For many millennial couples, home ownership has become an extra intermediary step before engagement – a kind of practical test of financial sharing on a big purchase, exploration of shared tastes, and a broader sense of permanence without the public covenant. In April 2013, Coldwell Banker Real Estate found that 1 in 4 millennials purchased their first home with their current spouse before they were married, compared to 14 percent of respondents aged 45 and over. Time’s MONEY found in a poll of 500 millennials that 40 percent believed it was a good idea for a couple to own a home together before marrying, and 37 percent believed the purchase should take place before a wedding. Indeed, marriage is no longer seen as a necessary precursor to signing the dotted line at all: Surveys of prospective first-time homeowners from ages 18 to 36 showed that 33 percent were looking to buy a home in preparation for getting a dog, compared to only 25 percent who yoked their motivations for buying to marriage.

From Coast to Fly-Over, Big to Mid-Size

One critical contributor to millennial housing patterns reflects a decreasing level of mobility. From 2015 to 2016, only 11.2 percent of Americans moved homes, the lowest rate since the Census began collecting this data in 1948. The current crop of 25-35 year olds moves at a lower rate than previous generations at the same age over the past 50 years. Over the past decade, the homeownership rate among young adults has fallen in all but one of America’s 25 largest cities. In Boston, it remained unchanged at 16 percent. In several cities, including Portland, Denver and San Jose, it fell by more than 10 percent.
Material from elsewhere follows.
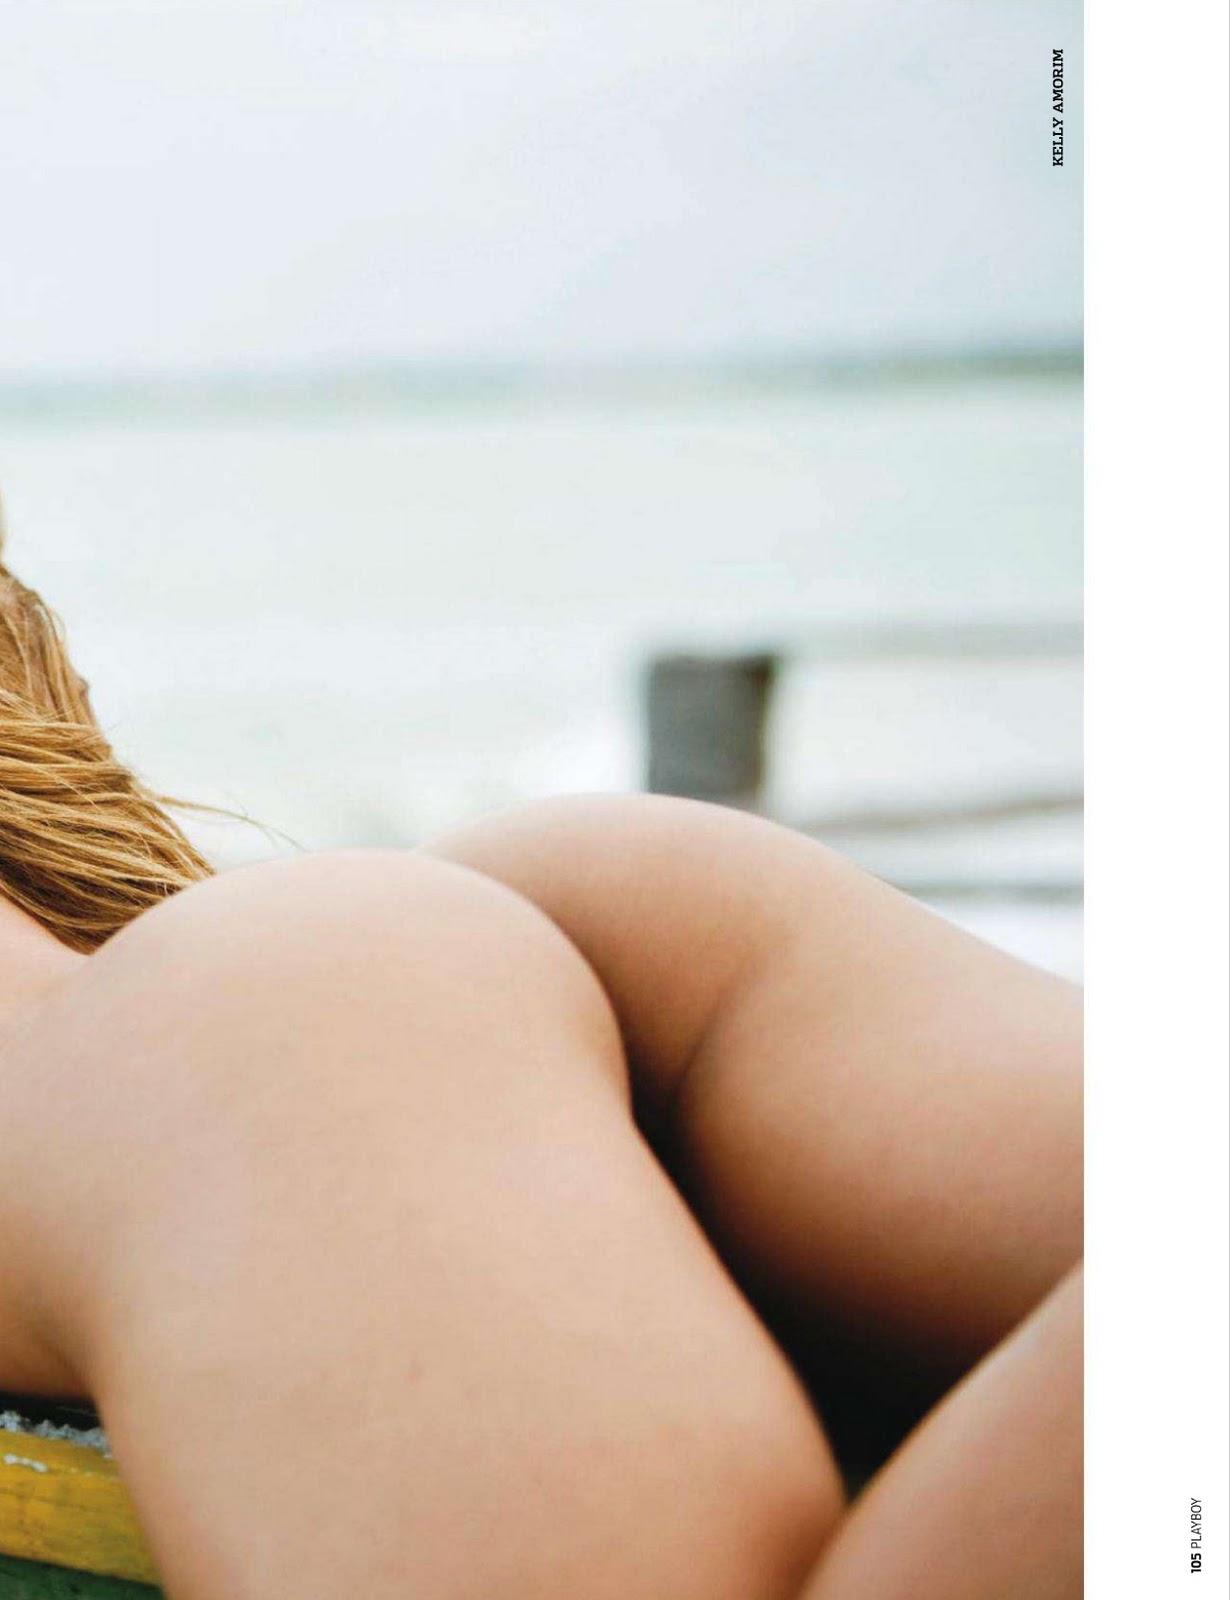 Seleccion Mujeres Images Artistas Famosas Hermosas Latina Del

But when millennials do move, it’s typically for a new job, or perception of more opportunity in a given region. And where are these opportunities? The heartland and metropolitan suburbs. Between 2000 and 2010, the nation’s 51 largest urban cores lost 15 percent of adults ages 25 to 34; by contrast, during that decade suburbs saw an average 14 percent gain within that age group. Where ballyhooed cities for the young and restless just six years ago – New York City, D.C., Los Angeles and Chicago – were cosmopolitan hotspots of opportunity, they are now too expensive, with rent outpacing pay. In Los Angeles, for instance, rent costs take up an average of 68 percent of millennials’ income. In Washington, D.C., only those millennials making $150,000 or more agreed with the sentence, “I can afford to buy a home in the area.”

This is leading to an exodus from fashionable to unfashionable areas. In April 2016, the real estate website Trulia looked at data from the American Community Survey and found that 52.1 percent of households headed up by millennials had or were leaving Washington, D.C., while 51.2 percent of millennial households were abandoning New York City. Census data also indicates that between 2013 and 2014, only 2,662 between the ages of 25 and 34 migrated to Washington, D.C., compared to 10,430 people who arrived in that age bracket between 2010 and 2011. Many head to the suburbs of cheaper metro areas, or move to smaller cities like Milwaukee and San Antonio, Memphis and Pittsburgh.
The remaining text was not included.